### WHAT THE TASK REQUIRES
Give again, exactly and only, the lines running from the one with "Istogrammi degli indici" to the end of the material below; leave out pictures.

### DATA EXCERPT
#####

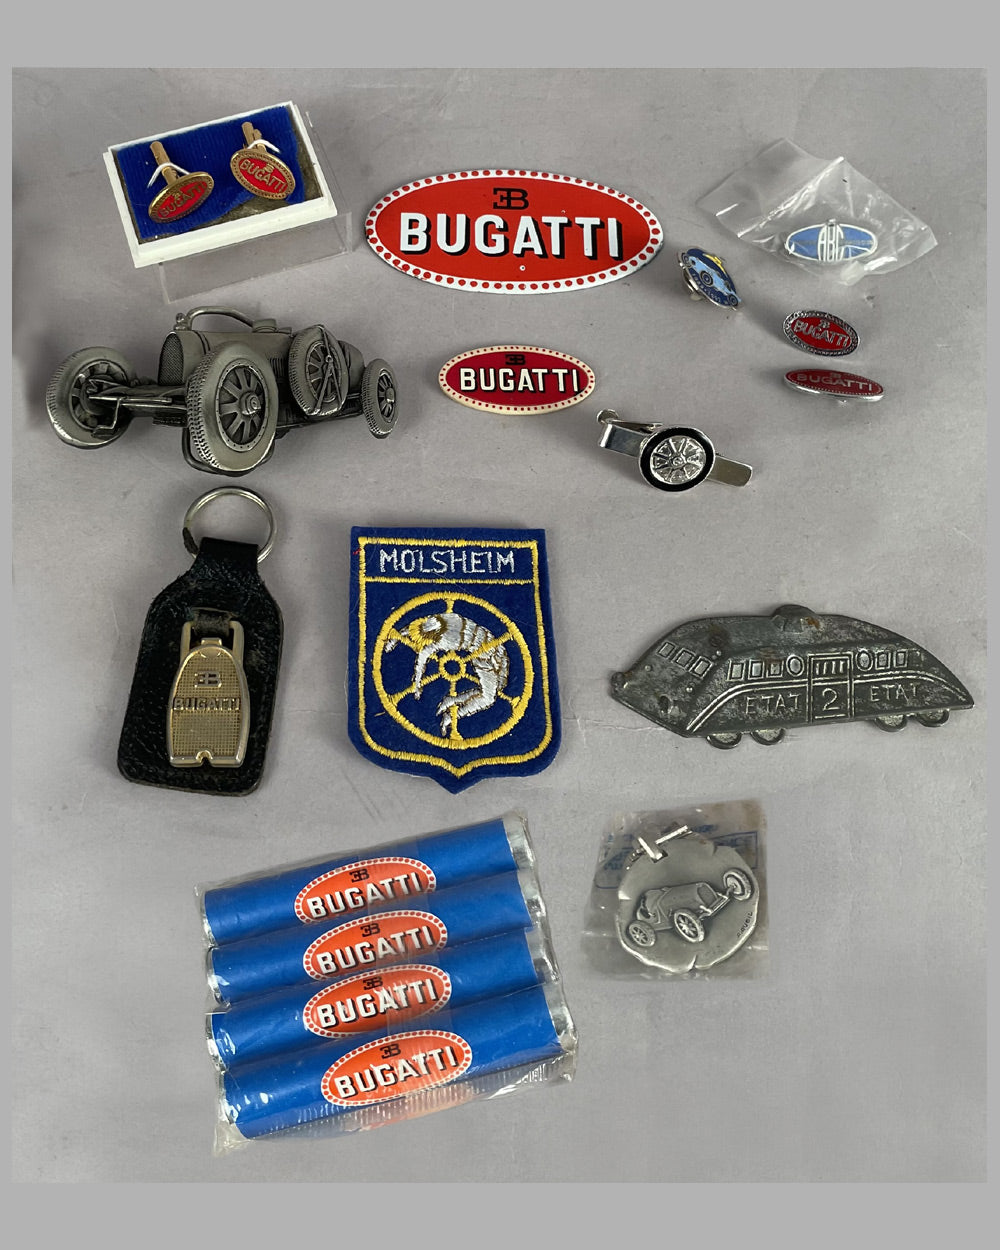 Collection of 14 Bugatti memorabilia items
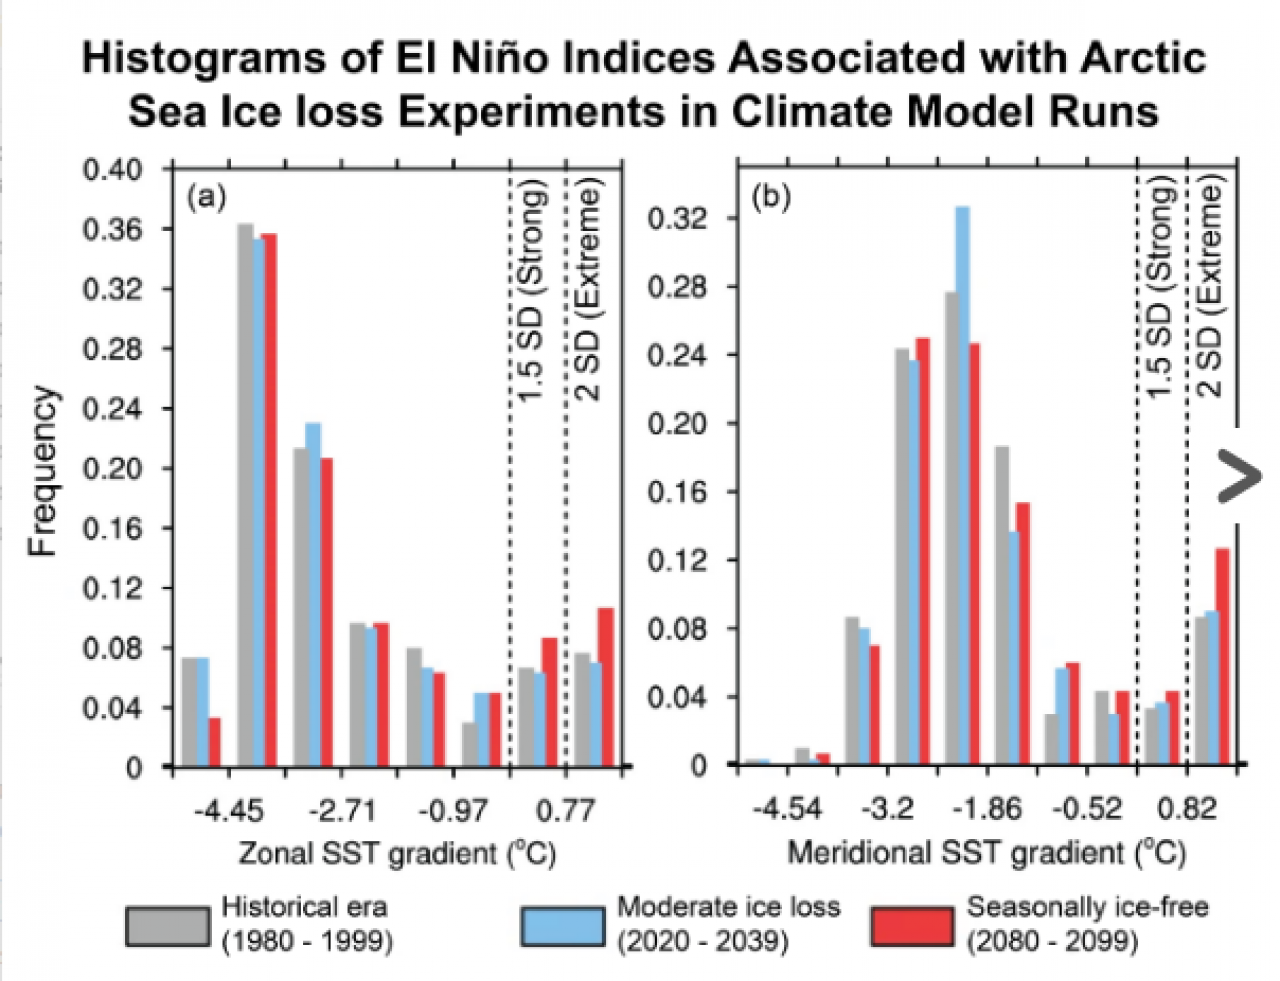 Istogrammi degli indici di El Nino associati agli esperimenti sulla perdita di ghiaccio marino artico nei modelli climatici - Credit Jiping Lui et al. 2022, adattato da NSIDC
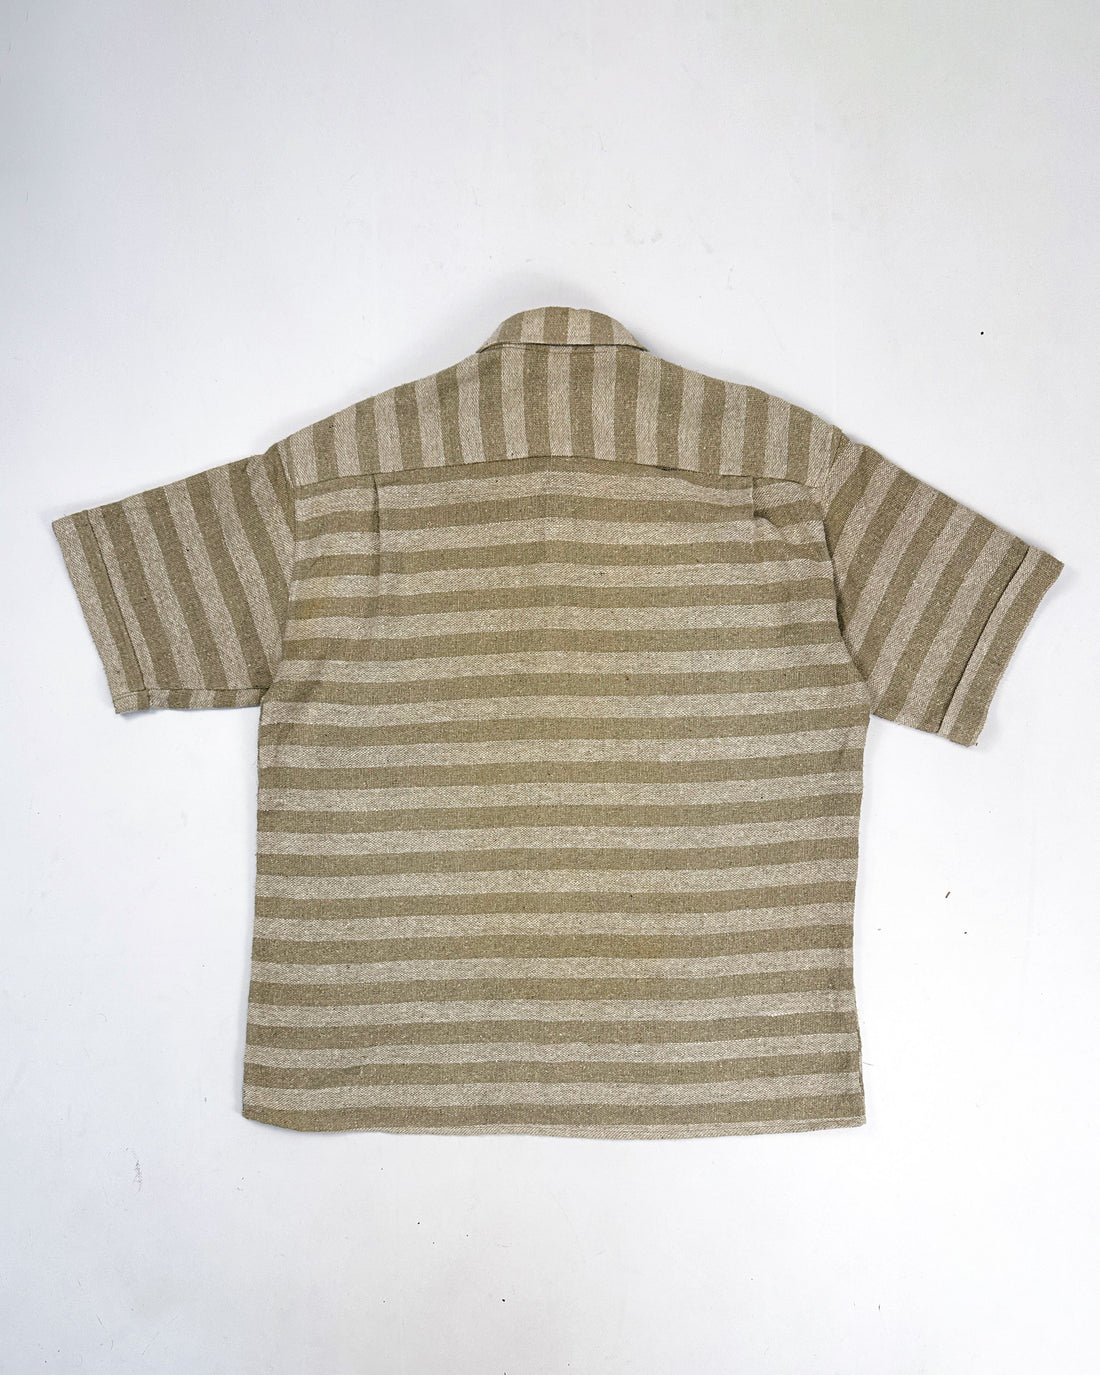 Polo Ralph Lauren Hemp Cotton Made in USA Shirt 1990's

#####

### YOUR SOLUTION
 Istogrammi degli indici di El Nino associati agli esperimenti sulla perdita di ghiaccio marino artico nei modelli climatici - Credit Jiping Lui et al. 2022, adattato da NSIDC
 Polo Ralph Lauren Hemp Cotton Made in USA Shirt 1990's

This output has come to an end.